Но вот Хенрик решительно встает,
делает шаг к Анне, останавливается перед ней: — Прошло четыре долгих недели. Я
тосковал по тебе. Скучал и по детям, но больше всего по тебе. Я не жалуюсь,
было бы блажью и бесстыдством хныкать, когда человеку создают такие условия, как
мне. О да! Обо мне прекрасно заботились. И я не сидел в одиночестве. Приезжала
Ертруд, и Пер Хассельрут, и Ейнар со своей невестой, и масса других милых людей.
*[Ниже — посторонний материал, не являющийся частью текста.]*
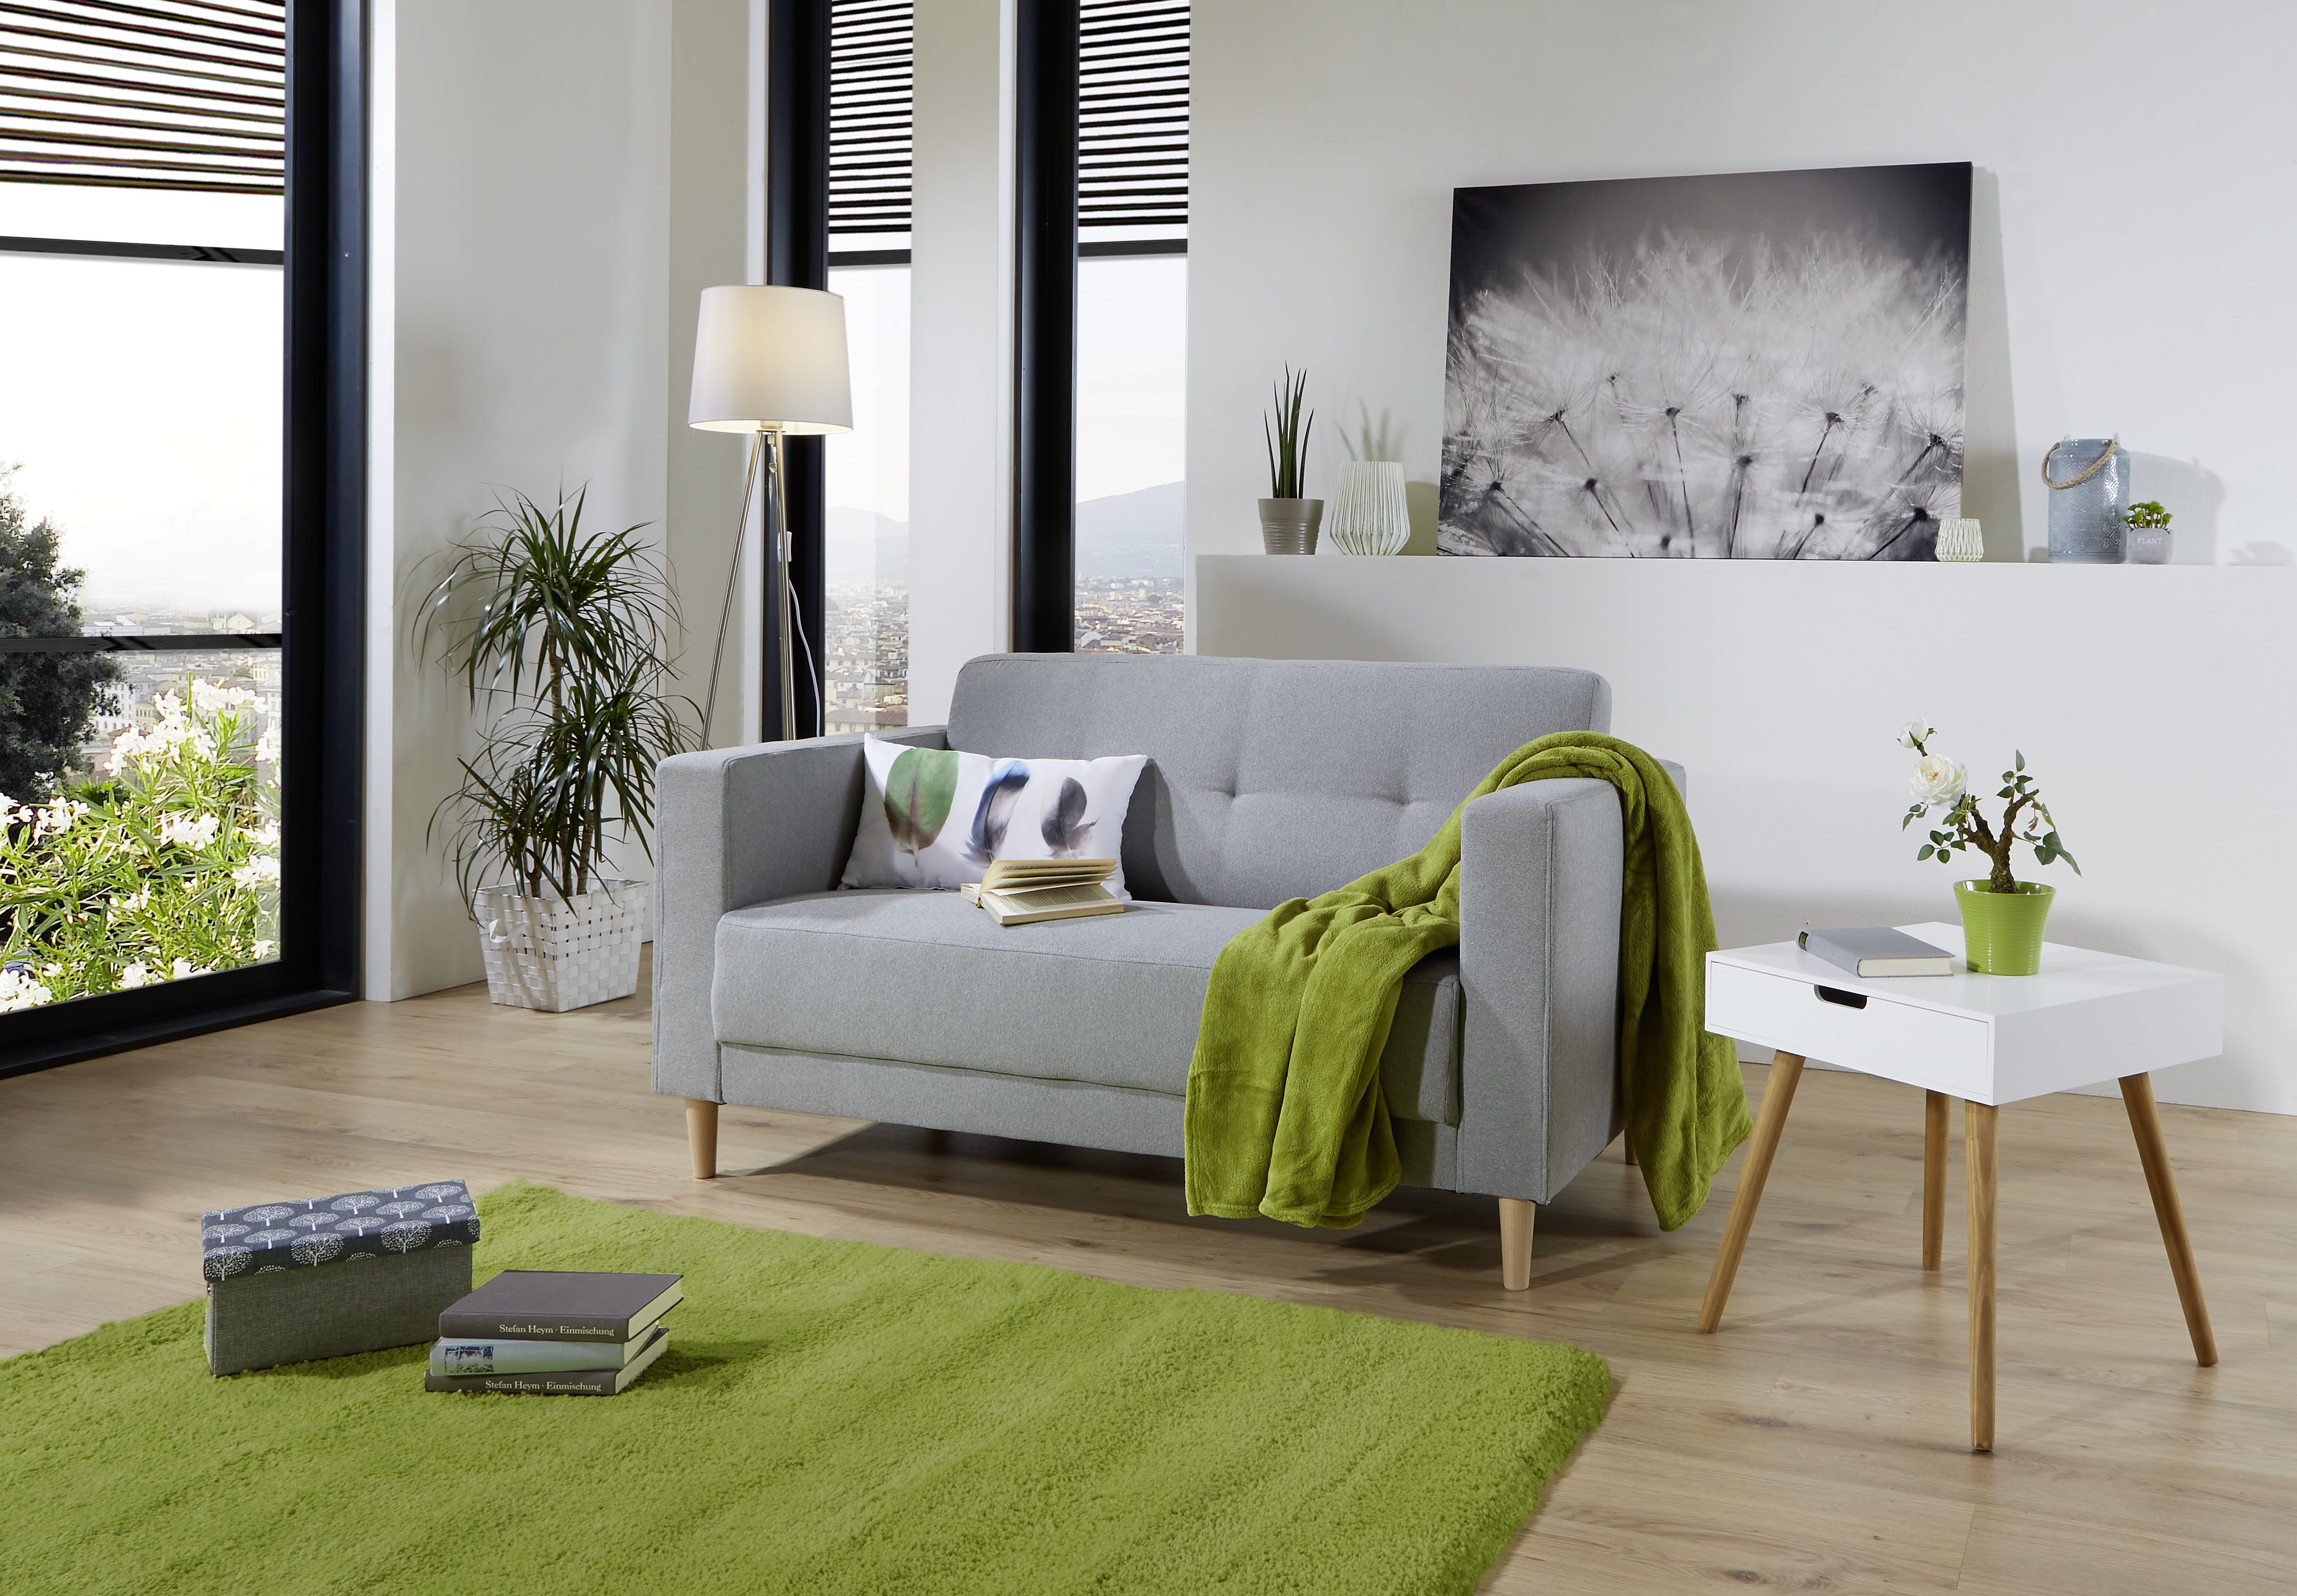 Zweisitzer-Sofa Geneve Webstoff - Hellgrau/Naturfarben, MODERN, Textil (148/81/75cm)

Так что я не собираюсь жаловаться. Это было бы проявлением неблагодарности
и избалованности. И ты писала такие нежные, добрые письма. Твои письма мне
здорово помогали. Я читал их по вечерам, уже лежа в постели. И потом мы
говорили по телефону, хотя это палка о двух концах: телефонные разговоры
слишком анонимны. Но мне было приятно слышать твой голос. И вот ты наконец
здесь. Я считал дни, все время боялся, как бы не произошло чего-нибудь
такого, что помешало бы тебе приехать. Как бы то ни было, но теперь ты дома. И
что самое замечательное — несколько дней мы сможем побыть вдвоем. Указательный палец Анны скользит
по узору скатерти. — Да, но сегодня я не хочу, —
говорит она быстро и тихо. Хенрик молчит. — Анна? — Нет, Хенрик. Нет. — Что с тобой? — По-моему, ничего, совсем
ничего. Просто хочу, чтобы меня оставили в покое. — Разве у тебя было мало
покоя? — Я должна привыкнуть. Ты не
можешь требовать. — Какое странное слово. Я ничего
не требую. — Но я не хочу. Качая головой, она встает и несет
чашку в мойку. Хенрик крепко обнимает ее, прижимает к себе. Чашка летит на пол и
разбивается на мелкие кусочки. Анна каменеет от отвращения и гнева. Потом
высвобождается. На этот раз уже не мягко и не извинительно. На секунду она
поворачивается к нему, словно 362 желая что-то сказать, она
побледнела и тяжело дышит. Хенрик скорее поражен и испуган. — Я сделал что-то не то? Что с
тобой, Анна? Ты же можешь... Но Анна уходит, задерживается
ненадолго в прихожей, точно собираясь выйти в дождь, однако, осознав, что на ней
надето, поспешно, как будто ее преследуют, скрывается в своей комнате.
Закрывает дверь и запирает ее на ключ. Запирает. Хенрик растерян, в нем медленно
зреет нехорошая злость, обида, огорчение. Любовное желание улетучивается,
оставляя вместо себя пустоту, которая вдруг заполняется колючей, на грани слез,
злобой. Он выходит на террасу и устремляет взгляд в журчащую, шелестящую
темноту. Лампа на буфете в столовой освещает оконное стекло и его черную фигуру.
Страх, злость, подавленность. Довольно скоро верх берет страх.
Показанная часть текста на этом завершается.